Воздух молниеносно рассекла рука Здравы. К ней присоединились Полок и Огний, а следом, чуть менее уверенно, Мокша. Тьяна с изумлением наблюдала за происходящим. Все хотели попробовать яд – и их поведение не укладывалось в голове. Даже для той, кто с детства знал вкус поганки и борца, это было слишком.
Значит, всё-таки самоубийцы? Верилось с трудом.
Мастер, задержав взгляд на каждой поднятой руке, объявил:
– Огний.
Усмехнувшись, юноша опустил правую ногу с подлокотника, затем руками скинул левую. Выпрямив спину, он обвел остальных насмешливо-победным взглядом. Здрава, не сдержав тяжелого вздоха, пробормотала:
– Повезло мерзавцу.
– Не завидуй, золотце, – у Огния лихорадочно блестели глаза. – Наш с тобой счет пять-пять, минус моя нога, так что ты по-прежнему лидируешь.
– Мокша, подготовь всё необходимое для жеребьевки, – велел Крабух.
Девушка поднялась и медленно подошла к узкому столу у стены. Помимо мерцающих кристаллов, сосудов с заспиртованными змеями и скорпионами, сухих веток и корней, там лежала стопка сероватой бумаги, ножницы и перьевые ручки. На мгновение сжав кулаки, Мокша принялась за дело: аккуратно нарезав ровные прямоугольники, она один за другим сложила их в замысловатые бутоны. Комната заполнилась тихими звуками – шорохом бумаги и лёгкими вздохами культистов. Все молча наблюдали за работой Мокши, и в их безмолвии таилось напряжение.

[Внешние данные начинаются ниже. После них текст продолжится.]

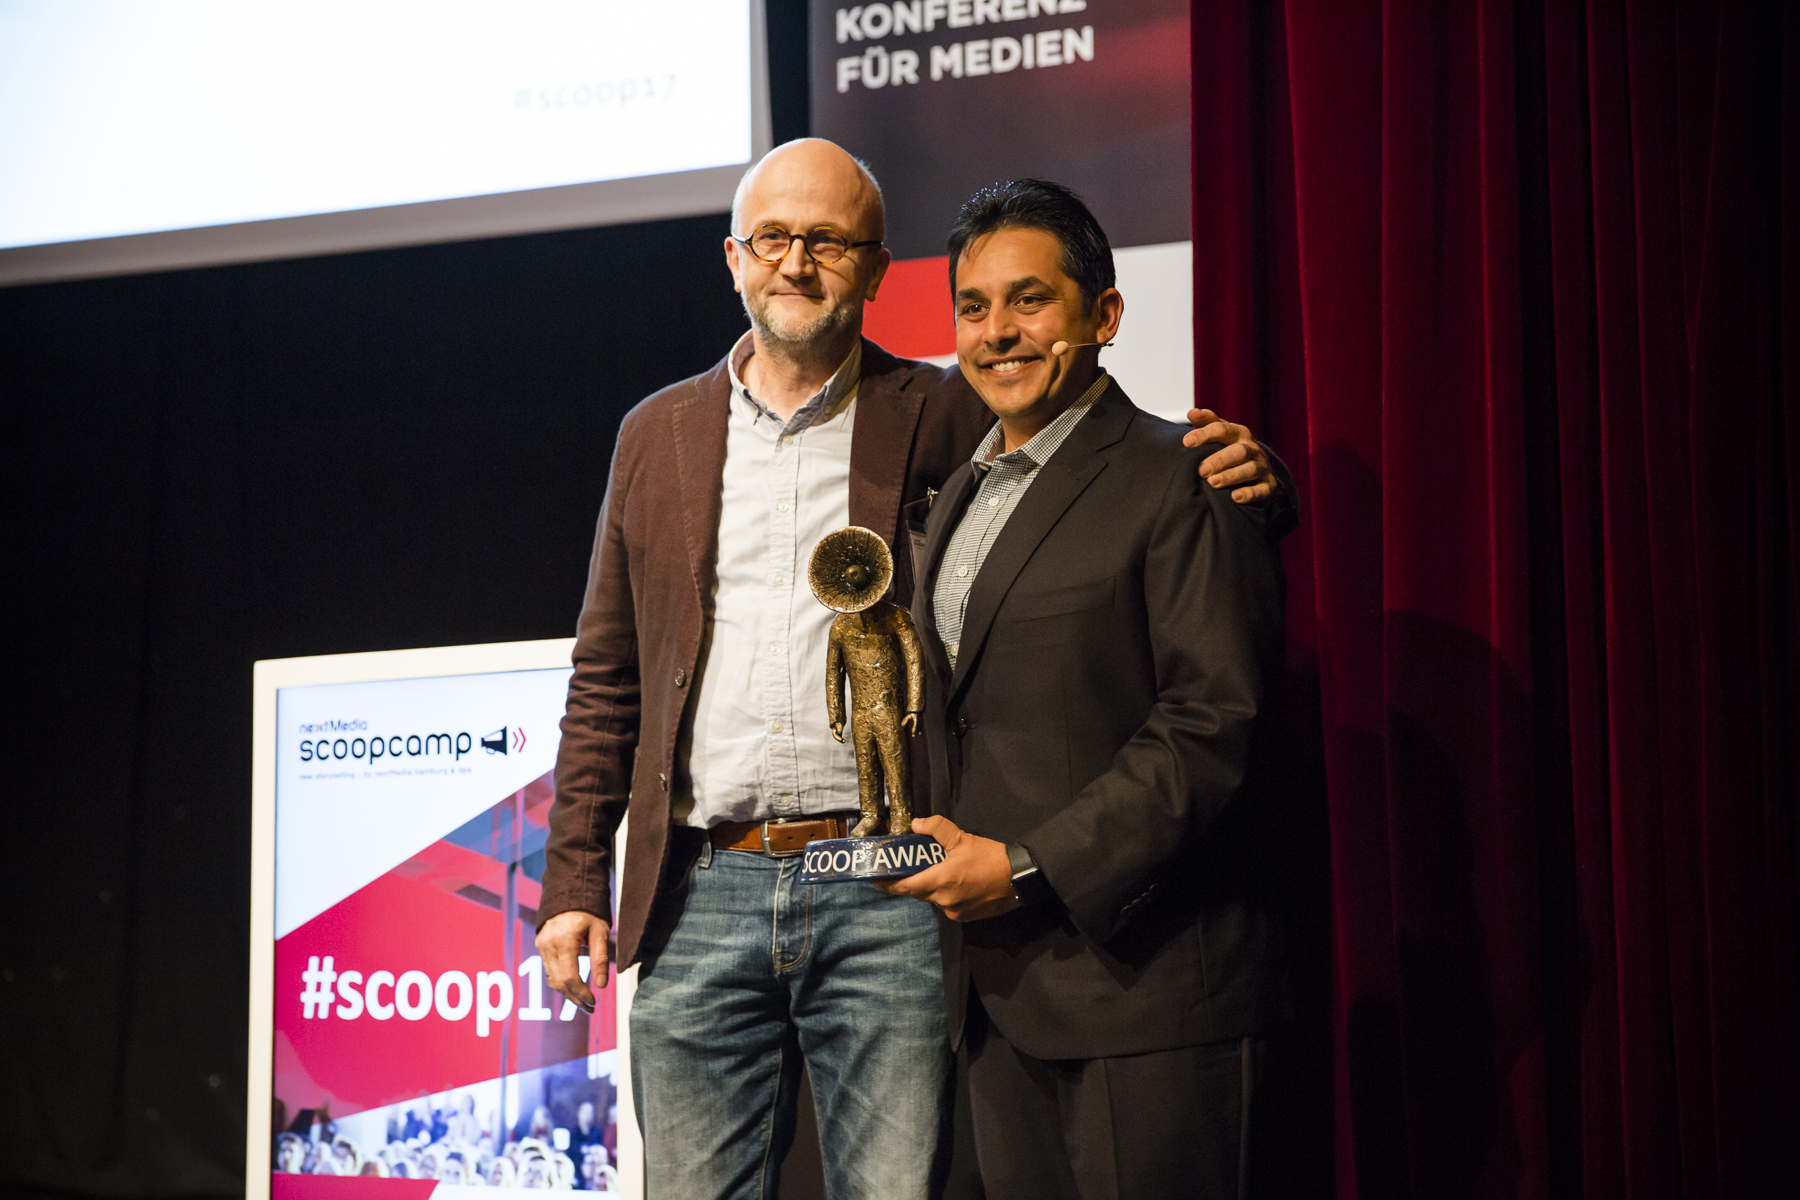 Übergabe scoop Award Meinof Ellers (dpa) & Jigar Mehta (Fusion Media)

Тьяна тоже чувствовала его – словно липкий бесун разливался под кожей.
На последнем листке Мокша стремительно вывела какой-то знак и, придав бумаге форму цветка, положила к остальным. Склонив голову набок, она внимательно оглядела бутоны, будто проверяя, достаточно ли они равны и не выдаёт ли себя «меченый». Тьяна не видела лица Мокши, но заметила мимолетный пробег согнутого пальца по виску. Девушка смахнула каплю пота.
Встав на цыпочки, она открыла дверцу старого аптечного шкафчика, висящего над столом, и извлекала оттуда человеческий череп. Судя по темным трещинам, почти стертым надглазничным дугам и срезанной верхушке, посмертие у него выдалось напряженным. Мокша опустила внутрь черепа бумажные бутоны и, несколько раз встряхнув, вернулась к остальным.
– Жребии готовы, Корний, – проговорила она, почтительно водрузив череп в центр стола.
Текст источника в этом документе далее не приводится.